Transcribe the data as written, minus images.
─── Given information
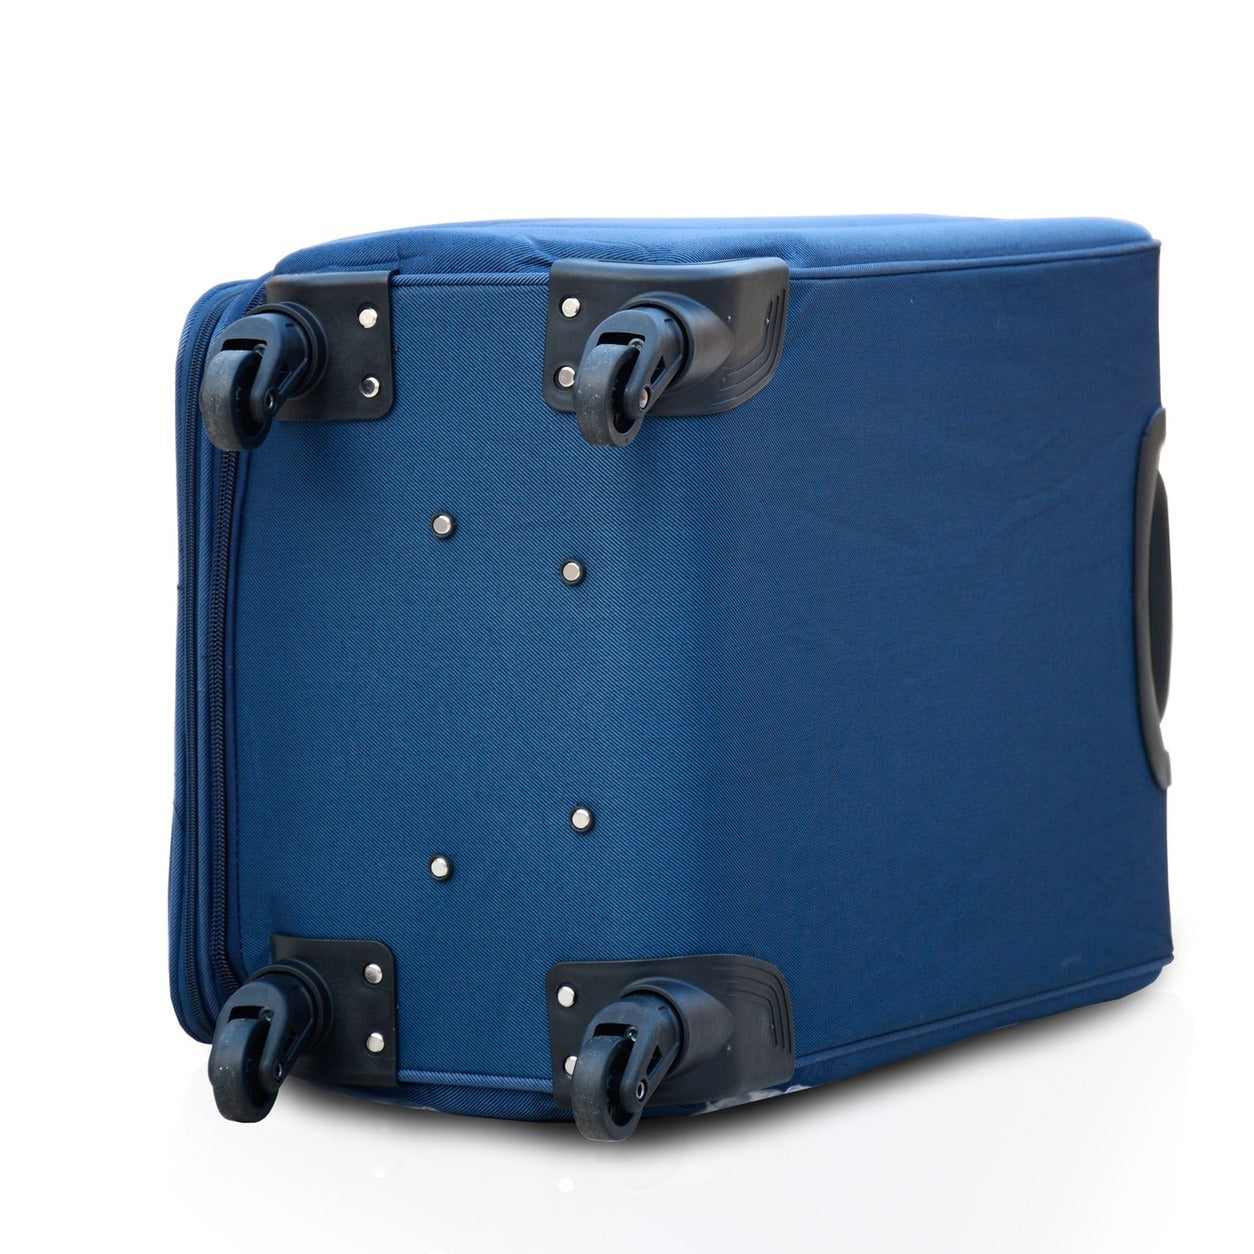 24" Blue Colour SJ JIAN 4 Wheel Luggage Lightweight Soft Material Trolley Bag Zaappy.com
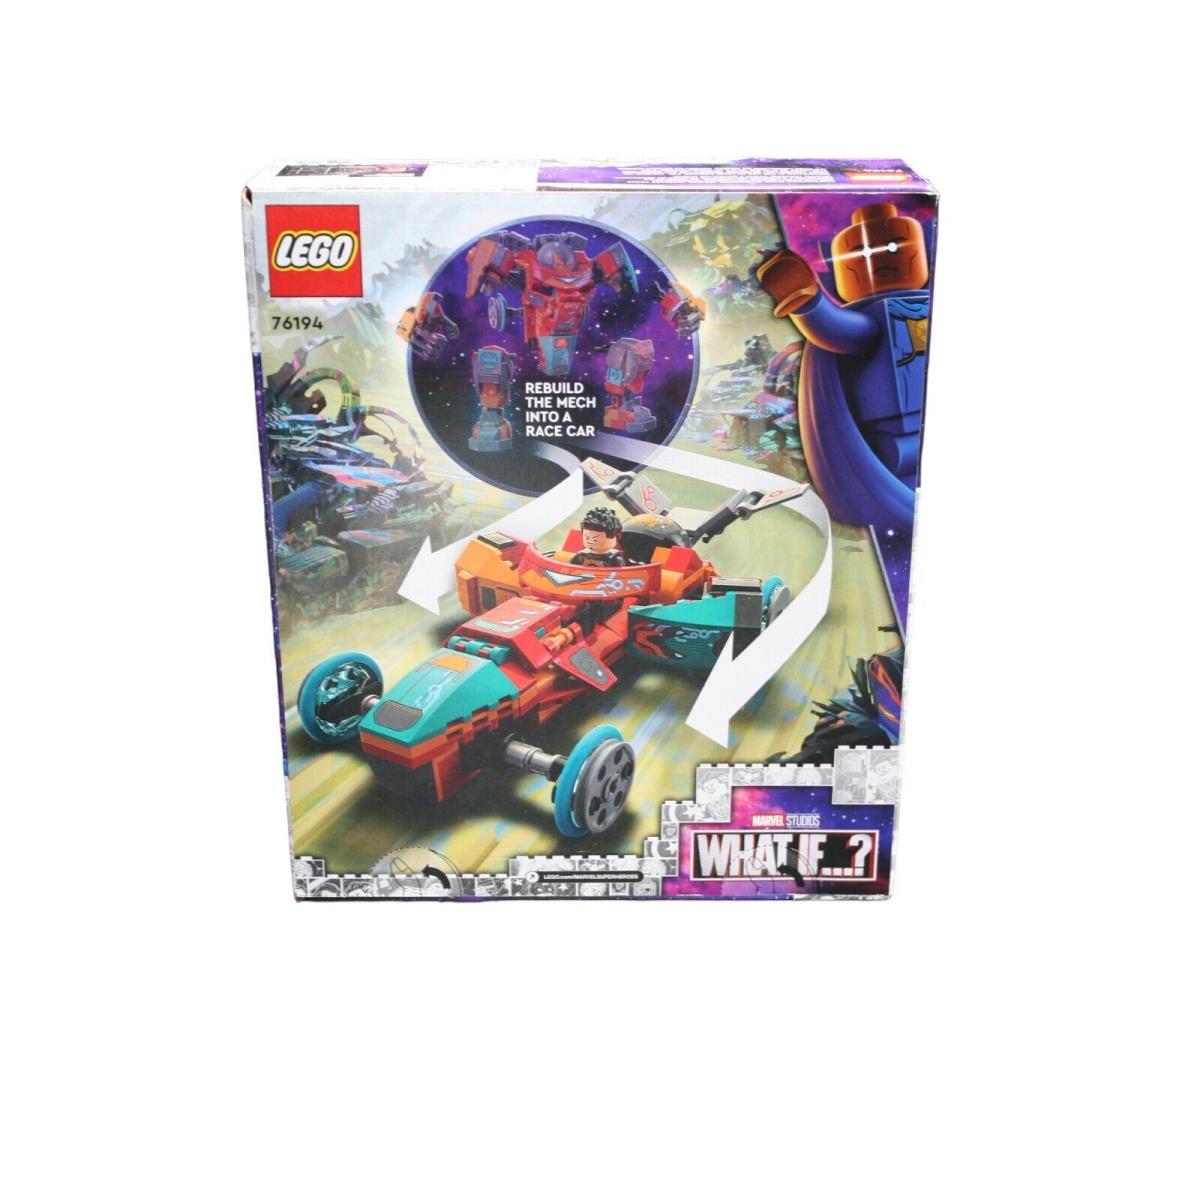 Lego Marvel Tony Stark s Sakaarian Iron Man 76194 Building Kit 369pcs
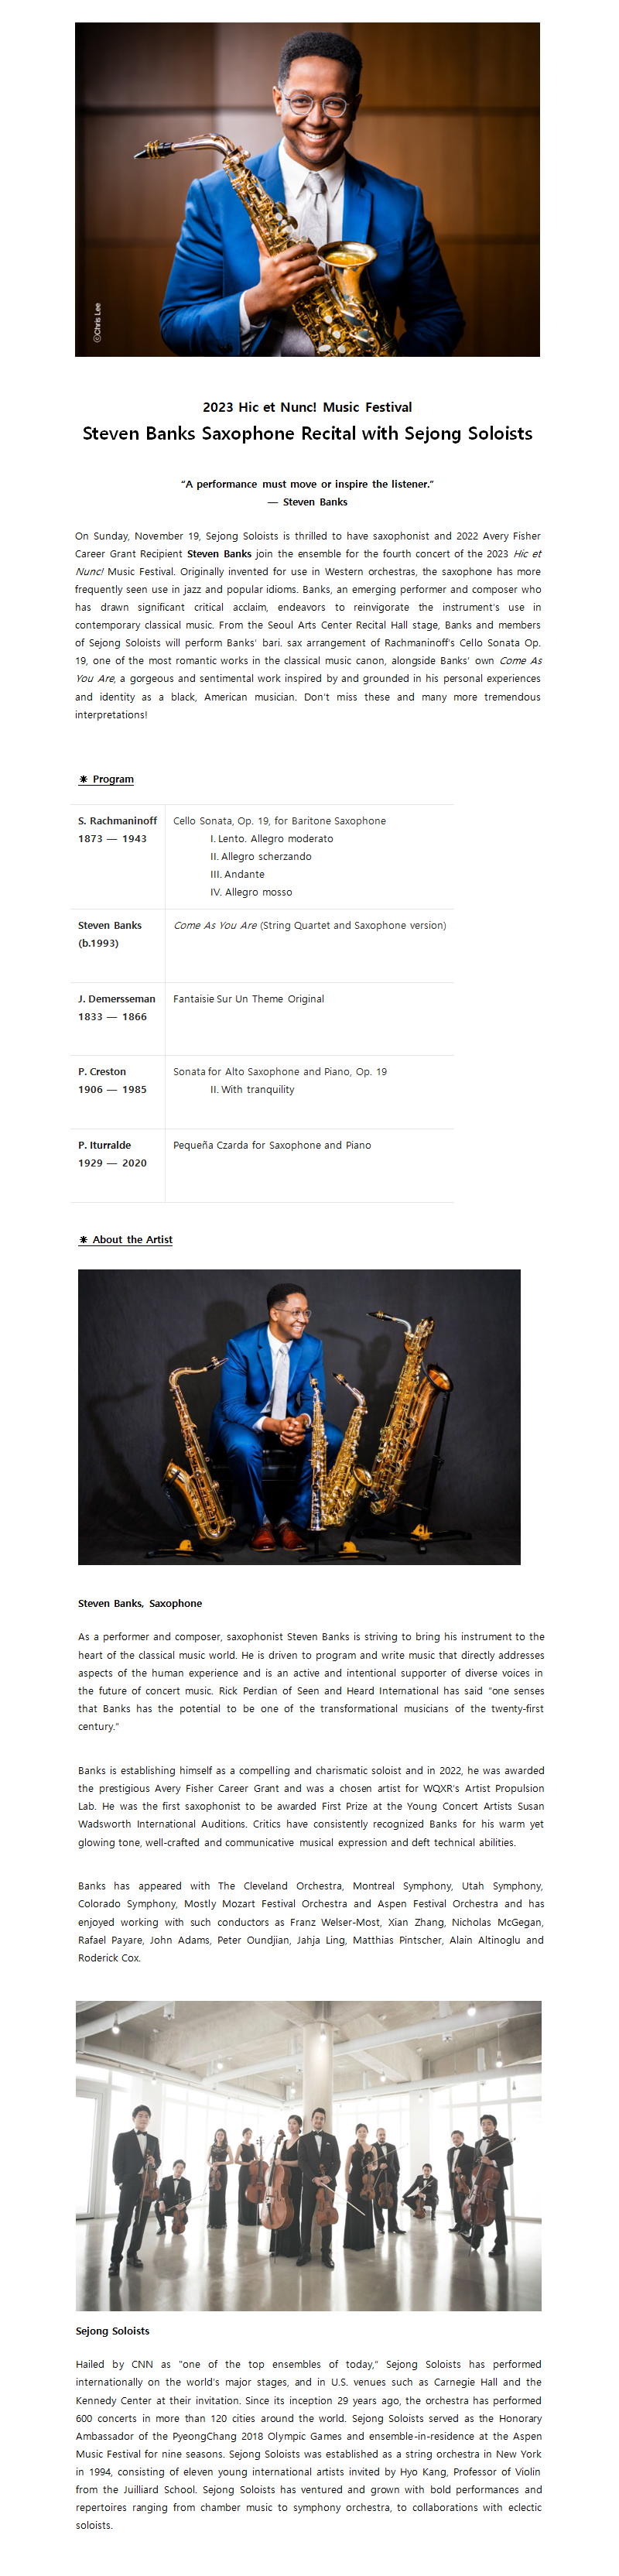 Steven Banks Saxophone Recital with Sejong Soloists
──────
## Response area
 24" Blue Colour SJ JIAN 4 Wheel Luggage Lightweight Soft Material Trolley Bag Zaappy.com
 Lego Marvel Tony Stark s Sakaarian Iron Man 76194 Building Kit 369pcs
 Steven Banks Saxophone Recital with Sejong Soloists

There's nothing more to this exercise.